'Waste market'
There’s cash in trash, as a popular slogan says. But really, there’s now a formal “waste market” where they trade discarded plastic bags and other used plastic packages and containers of various consumer products for cash, or in kind — like a kilo of rice.
From the many polystyrene products that we use everyday, food packaging products such as Styrofoam and plastic bags are the most controversial. For rabid pro-environment advocates, the use of these particular plastic packages should be banned and replaced with more environment-friendly materials like paper bags.
But don’t these bags and packages made of paper come from trees as basic raw material? So how can the use of paper bags be more environment-friendly? And yet, the use of plastic bags (or plastic packages) is painted as detrimental to the environment.
These plastic bags, containers and packages made of plastic that would otherwise be trashed could, in fact, be sold for recycling into other commercial products. This is the message the local plastic industry wants to put across, especially to rabidly pro-environment advocates pushing for a ban on the use of plastic bags and wrappers.
This is obviously to counter misinformation being fed to the public mind about how plastic bags and other plastic containers and packages only end up in dumpsites, clog waterways, and thus, harm the environment. Such wrong perception — deliberately or not — is what the Philippine Plastic Industry Association (PPIA) now trying to correct through active education and information campaign.
In a dialogue with Philippine STAR editors, PPIA president Peter Quintana disclosed their group has been advocating an intensified recovery and recycling policy for these plastic bags, packages and container products as required in our country’s law on the proper disposal of waste and garbage. This is in accordance with Republic Act (RA) 9003, or the Ecological Solid Waste Management Act of 2000. RA 9003 spells out clear provisions on the collection and segregation as well as recycling of household garbage and industrial wastes.
These plastic packages produced by the PPIA members have been receiving bad press as an environmental hazard because oftentimes, these end up in creeks and other waterways. It has been blamed for the major floods in Metro Manila caused by the most recent super storms “Ondoy” and “Pedring.”
The PPIA insists plastic bags are not the culprit, but people’s improper waste disposal behavior. The original sin is people’s behavior. Therein lies the solution as well, Quintana pointed out.
Part of the PPIA’s advocacy, he cited, is to influence people’s waste disposal habits. It believes its campaign to collect or recover plastic from consumers for recycling is a good way to start a new habit that it hopes will eventually become ingrained.
By organizing and supporting regular waste market fairs or recycler’s bazaars, they hope to foster a recycling habit within the community, which offers a new income stream for housewives and other members of the household.

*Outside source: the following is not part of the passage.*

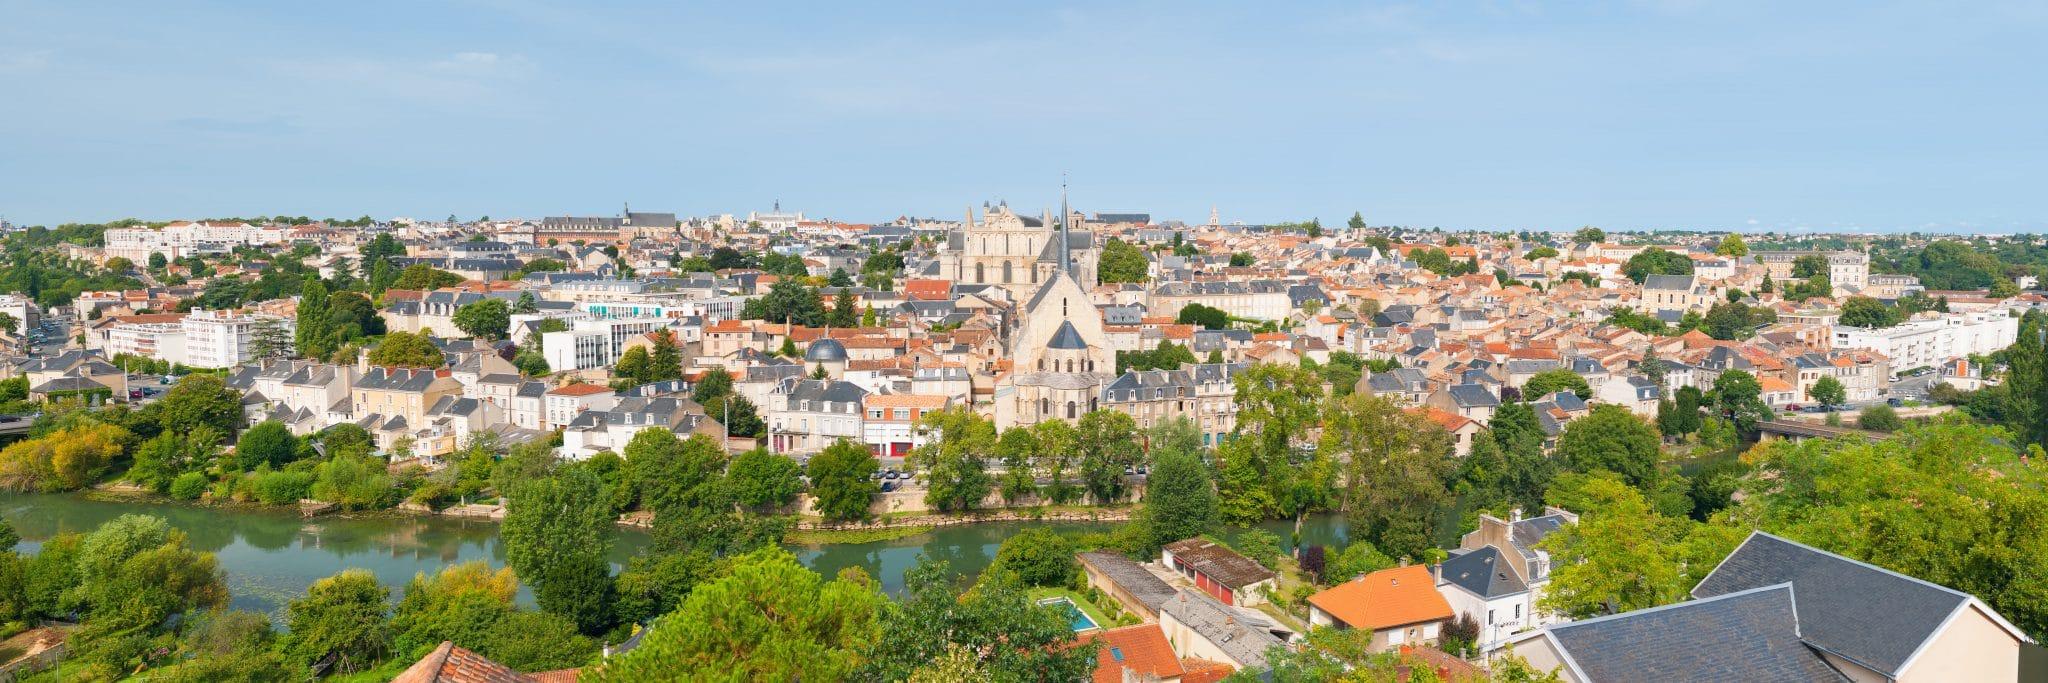 illiCO travaux Poitiers

It is encouraging the public to turn in used plastic products for recycling. These include plastic grocery bags (preferably clean), PET bottles or those used for water and beverages, shampoo containers and other discards.
The recovery activity is known in different names by different groups; there’s cash for scrap, trash to crafts, trash to cash. But it carries the same message — do not throw away waste but exchange it for cash or goods.
The PPIA and the Ayala malls have an ongoing plastic bag recovery program. Plastic that is collected is made into bags and other craft by the Invisible Sisters, a social enterprise project supported by the Ayala Foundation. The industry has also involved SM outlets in the plastic recovery programs. The SM chain of malls holds every month in their respective outlets such trading of used plastics.
Yesterday, the PPIA met with the representatives from Ortigas to organize the 3rd Cash for Scrap fair (A Recycler’s Bazaar) scheduled this June at the Greenhills shopping center in San Juan City.
Likewise, the group has been coordinating with officials of local government units (LGUs) in undertaking organized collection of plastic wastes from households and commercial centers and transform them into “waste markets” as livelihood and enterprise projects for people in their communities.
Unknown to many, the PPIA is also currently working with non-government organizations (NGOs), Catholic church leaders, big mall owners and youth groups to implement an active education and information campaign on plastics recovery program.
On a smaller scale, as it is just in its initial stage, the group is also working with the Archdiocese of Manila on a plastic exchange program involving communities in Manila, San Juan, and Quezon City. They are also working with local officials in other areas like Dagupan in Pangasinan.
All this time recycling of garbage is nothing new. At home and in school, we try to stash these plastic packages for future use, if not collected for recycling. Now there is a growing market for plastic bags and other plastic-made products considered by others as “waste” but could be a veritable source of livelihood for the enterprising.
As I gathered, these waste markets in Metro Manila buy “por kilo” these plastic bags, Styrofoam, plastic bottles for soft drinks, plastic containers of shampoo and other products sold in plastic packages. Prices range from P3 up to P15 per kilo. You get a good price if these plastic bags and other containers and packages are dry and clean.
Now I know why my yaya diligently collects all these plastic bags and other plastic containers at home.
This emerging waste market in Metro Manila and a few cities around the country are catching on even among the higher income bracket. Quintana noted some of these well-off people drive their SUVs to the waste market to also trade in their recyclables.
Seriously, a waste market for plastics could yet stir up the underground economy.